I am trying to run sql query
get_ns_inv_data = """
select invoice_number, invoice_line_id, invoice_date,invoice_type, maintenance_start_date, maintenance_end_date, substring(sf_invoice,0,8) sf_invoice, sf_opportunity_no,
sf_order_no, currency, account_id, department_id, billtocust_id, reseller_id, enduser_id, product_hierarchy_id, sku, product_internal_id, unit_price, quantity_invoiced,
value_invoiced, value_invoiced_tx, cogs_amount, region_id, license_type,
reg.territory as ns_territory, reg.region as ns_region,
bill_entity.full_name as bill_to_full_name, reseller_entity.full_name as reseller_full_name, replace(end_user_entity.full_name, 'z','t') as end_user_full_name
from netsuite.invoices inv
left join netsuite.region reg on inv.region_id=reg.region_hierarchy_id
left join netsuite.entity bill_entity on inv.billtocust_id = bill_entity.entity_id --or inv.reseller_id = entity.entity_id --or inv.enduser_id = entity.entity_id
left join netsuite.entity reseller_entity on inv.reseller_id = reseller_entity.entity_id
left join netsuite.entity end_user_entity on inv.enduser_id = end_user_entity.entity_id;"""

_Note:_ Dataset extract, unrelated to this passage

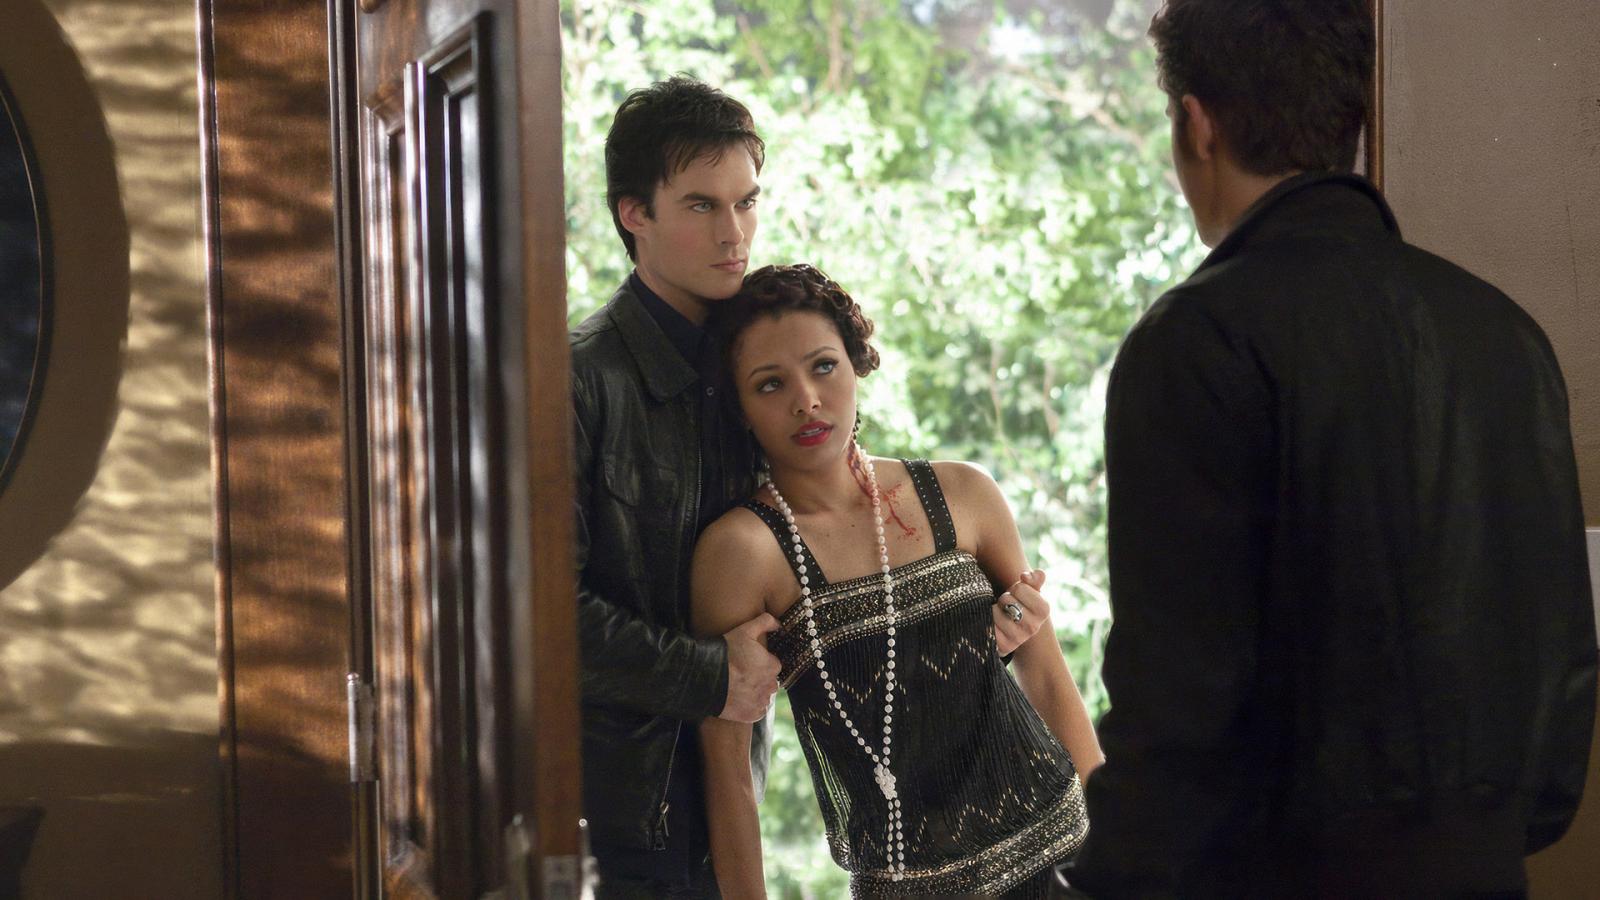 Forget Delena: These 5 Fan Ships Deserved to Be TVD Canon - image 4

IN the airflow dag as follows:
netsuite_inv_to_s3 = RedshiftToS3Operator(
task_id="ns_inv_to_s3",
s3_bucket = S3_BUCKET_NAME,
s3_key = S3_NS_KEY,
redshift_conn_id="rs_ops_prod",
aws_conn_id="S3_Dev_Connection",
select_query = get_ns_inv_data,
unload_options= ['allowoverwrite']
)
However when I run the dag, I get the following error:
[2022-07-22, 15:55:38 UTC] {dbapi.py:213} INFO - Running statement:
UNLOAD ('
select invoice_number, invoice_line_id, invoice_date,invoice_type, maintenance_start_date, maintenance_end_date, substring(sf_invoice,0,8) sf_invoice, sf_opportunity_no,
sf_order_no, currency, account_id, department_id, billtocust_id, reseller_id, enduser_id, product_hierarchy_id, sku, product_internal_id, unit_price, quantity_invoiced,
value_invoiced, value_invoiced_tx, cogs_amount, region_id, license_type,
reg.territory as ns_territory, reg.region as ns_region,
bill_entity.full_name as bill_to_full_name, reseller_entity.full_name as reseller_full_name, replace(end_user_entity.full_name, 'z','t') as end_user_full_name
from netsuite.invoices inv
left join netsuite.region reg on inv.region_id=reg.region_hierarchy_id
left join netsuite.entity bill_entity on inv.billtocust_id = bill_entity.entity_id --or inv.reseller_id = entity.entity_id --or inv.enduser_id = entity.entity_id
left join netsuite.entity reseller_entity on inv.reseller_id = reseller_entity.entity_id
left join netsuite.entity end_user_entity on inv.enduser_id = end_user_entity.entity_id;')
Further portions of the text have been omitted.